You're welcome....Pictures do not do it justice....LOVE IT


----------



## Ruby296 (Nov 1, 2008)

luvmy4brats said:


> It's a Belkin bag I picked up at Target. It's made for the mini-laptops, but is the perfect size for the Kindle.
> 
> My picture makes it look just a bit lighter. The butterfly itself is nearly black


I have the same Belkin bag and feel it adds another layer of protection for the K. Also got mine at Target for $10. Great buy!


----------



## Neversleepsawink;) (Dec 16, 2008)

I'm trying to talk my mom into making me Kindle covers too.  Maybe she'll give it a shot.  I love my Oberon cover....I would like a fabric cover too...she has plenty of cute fabric


----------



## Jaderose (Dec 19, 2008)

Ruby said:


> I have the same Belkin bag and feel it adds another layer of protection for the K. Also got mine at Target for $10. Great buy!

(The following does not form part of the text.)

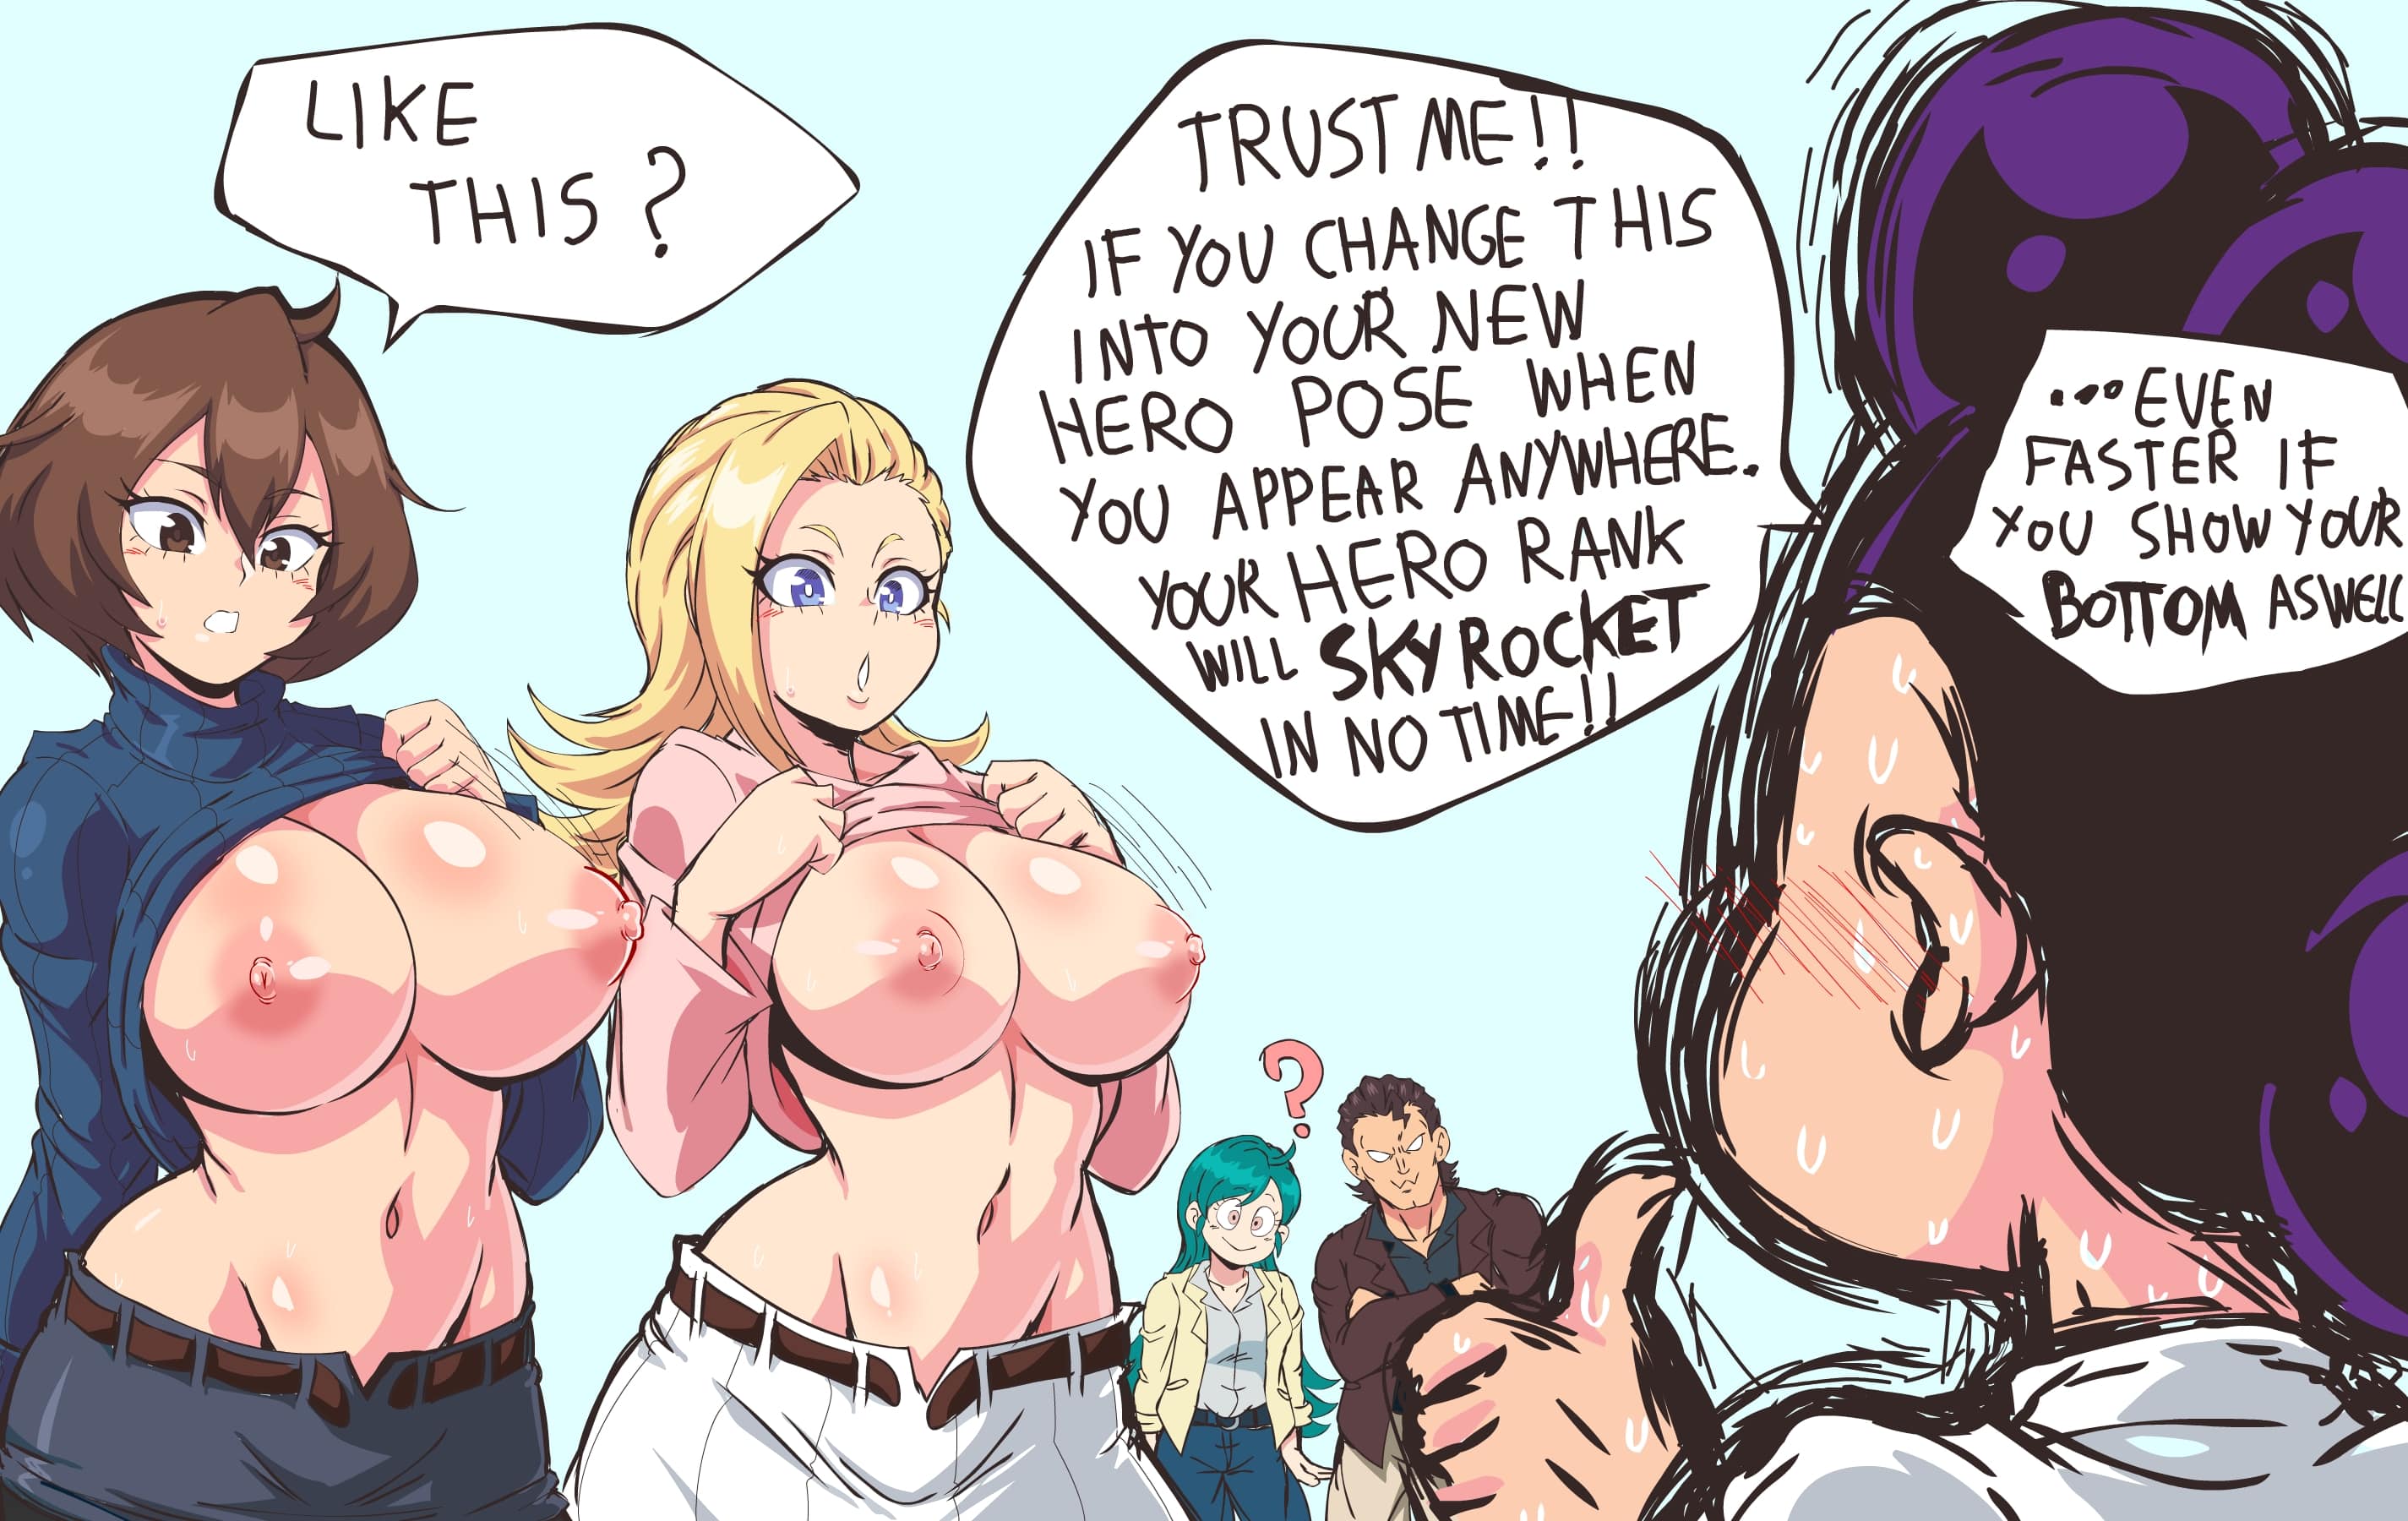 Mineta Share Secret to Become Viral With Mandalay and Pixie Bob by Lewdamone

This is exactly what I've been looking for to cover my Oberon as well. Thanks!! I'll be checking out Target tomorrow.


----------



## bkworm8it (Nov 17, 2008)

My Cover arrived!!!!   I swear I just placed the order. Didn't even get a notice that it was being shipped. Just showed up!!!

It's beautiful!!  The only bummer is that my one cat that had a leather addiction is no longer with me (she passed on 4yrs ago) she would have drooled all over it!! (Literally!)   

theresam


----------



## KindleMom (Dec 11, 2008)

bkworm8it said:


> My Cover arrived!!!!  I swear I just placed the order. Didn't even get a notice that it was being shipped. Just showed up!!!
> 
> It's beautiful!! The only bummer is that my one cat that had a leather addiction is no longer with me (she passed on 4yrs ago) she would have drooled all over it!! (Literally!)
> 
> theresam


Which one did you get?

I hope you post some pics when you get a minute. And sorry to hear about your cat. How sweet that you remember her at a time like this.


----------



## bkworm8it (Nov 17, 2008)

KindleMom said:


> Which one did you get?
> 
> I hope you post some pics when you get a minute. And sorry to hear about your cat. How sweet that you remember her at a time like this.





KindleMom said:


> Which one did you get?
> 
> I hope you post some pics when you get a minute. And sorry to hear about your cat. How sweet that you remember her at a time like this.


I purchased the butterfly one. It's not as thick as I thought it would which is great and will still fit nicely in my purse! I'd post a picture but only have a phone camera working at the moment. Its the same as the purple on a few posts above.

Ya I really miss that cat. She was my favorite and first as an adult living on my own, the most unusall personality I have seen in a cat and I've a many cats. It's much easier now to remember her fondly instead of being upset that she passed away.


----------